In an effort to boost membership in the legal community and promote its services within the business community, the bar association will host a seminar Thursday, Aug. 19, at the Hilton Hotel in East Memphis.

“Intellectual property is everywhere; it pervades every section of business imaginable,” said Bill Parks, an attorney with Wyatt, Tarrant & Combs LLP, and president of the newest Memphis Bar section. “You wouldn’t have the things you have today without intellectual property in place.”

Trademarks and copyrights are no longer the concern of only the largest corporations, said Doug Halijan, an attorney with Burch, Porter & Johnson PLLC and board member of the new MBA section, and those smaller companies should “be aware of what sort of patent or trademark or copyright rights they may have in work that they develop.”

The implications for infringement with the Internet and such social media portals as Facebook and YouTube are immense, and anyone using them for business, large or small, should be aware of whether the photo, logo or video being uploaded – their own or another’s – is protected.

“The way your website looks is a potentially copyrightable issue, as well as a trademark to the domain name,” Parks said. “You could have a trademark to the logo that you’re trying to use. … If you write software that is then used for a program on your site, the software could be potentially protectable, patent-wise or copyright-wise. There are so many issues along those lines.”

The attorneys’ goal with the seminar is to give some guidance and touch on the Top 10 intellectual property and entertainment law issues every attorney and every business professional should know today.

“There has been a general surge in interest in the whole area of the law in the past five or 10 years with the Internet and spread of all sorts of new digital technology has been responsible for that,” said Halijan, who also is an adjunct professor of intellectual property law at the University of Memphis Cecil C. Humphreys School of Law.

The importance of intellectual property to the market is that it can only further competition as it encourages competitors to try to outdo each other rather than try to copy one another.

Forcing entrepreneurs and industries to innovate and improve is what leads to better cell phones, safer cars, faster computers and a higher standard of living.

Patents are needed to safeguard the rights to these inventions, yet a patent application is one of the most complicated legal documents to get drafted today. It’s a difficult process to take a concept from an individual’s mind, an idea, and put it on paper in a way that is clear and understandable and, at the same time, defendable.

“There is so much out there which has already been patented or already been disclosed to the public that it’s imperative that the patent attorney has to be given the opportunity to go through and figure out what is actually patentable in somebody’s invention,” Parks said.

With Memphis’s music birthright and persistent flirtation with Hollywood, entertainment law is becoming an increasingly important field for local lawyers and aspiring artists.

“Memphis is so full of great musicians that there are all sorts of contracts that people are looking at to try to get into the business, and in order to have a way to do that, a good, effective entertainment attorney can help immeasurably, not only to get into the business, but to help you negotiate through those mine fields because you’re up against a pretty powerful, deep-pocketed recording company,” Parks said.
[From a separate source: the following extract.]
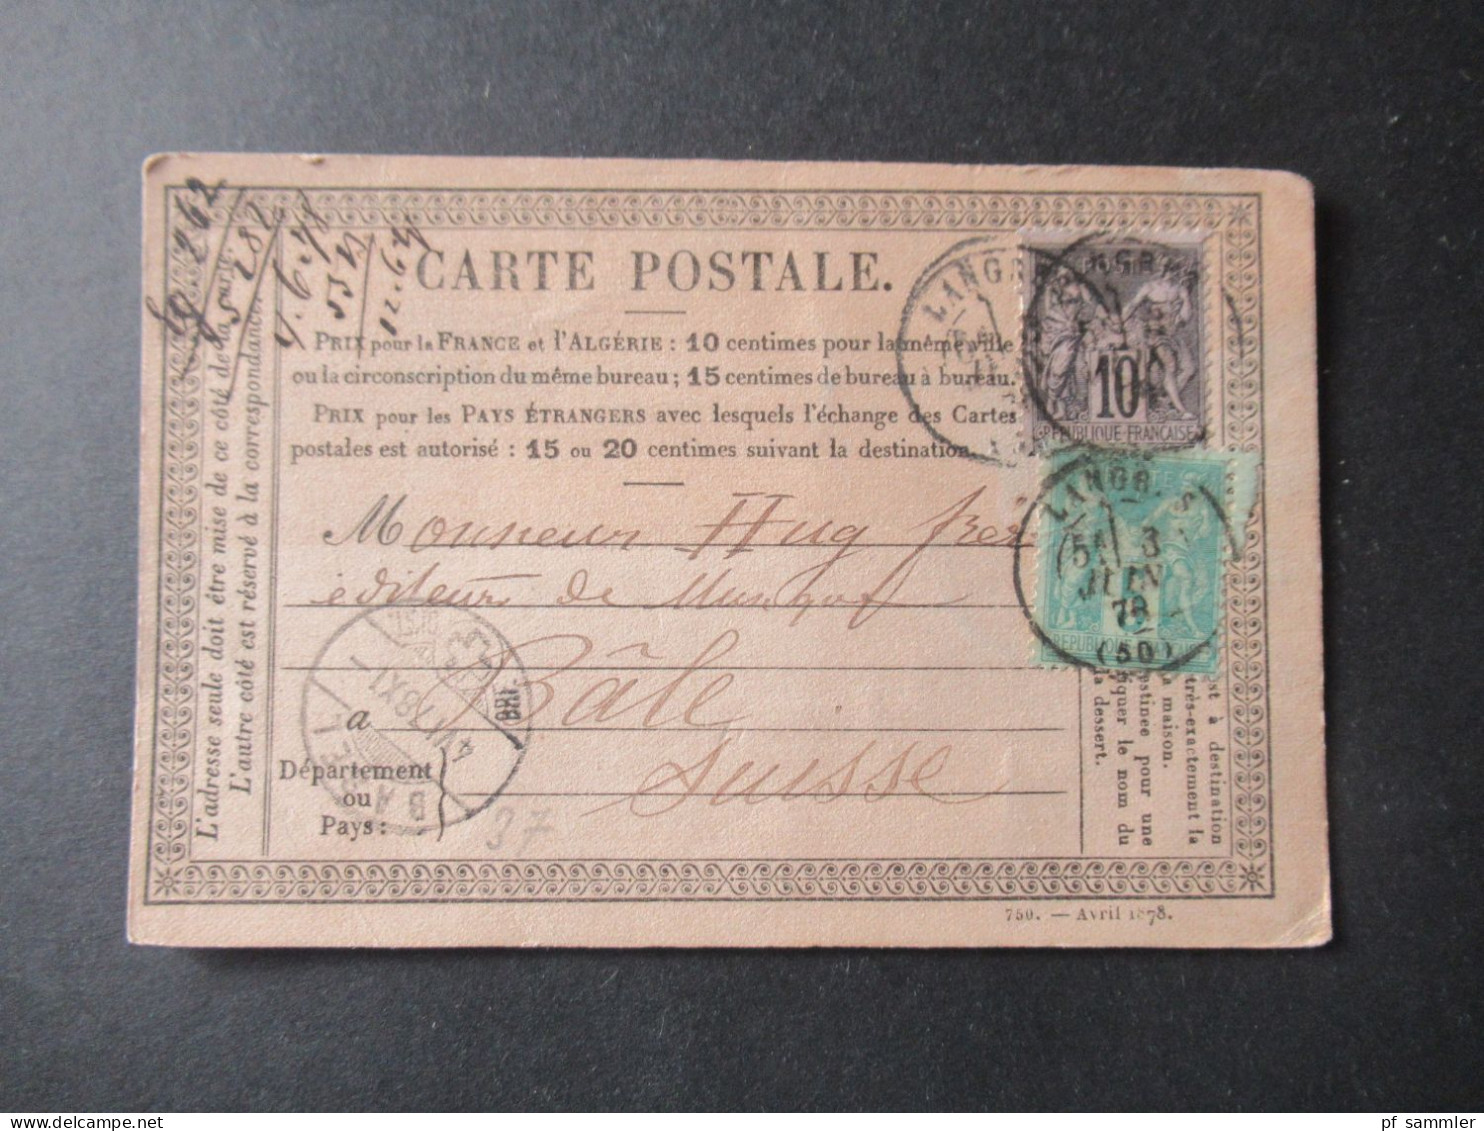 Frankreich 1870er Jahre Carte Postale / PK toller Posten mit 80 Stück!! Überwiegend frankiert und ins Ausland gesendet!

The seminar to let the legal and business communities know of the resources available from the new intellectual property/entertainment law section of the Memphis Bar Association will begin at 4 p.m. Cost is free to members of the business community.

The seminar counts an hour and a half toward continuing legal education credits, if needed, and is $50 for MBA members and $60 for non-members if using those credits. It is $25 to join the section. There will be a two-hour mixer with live entertainment following the seminar.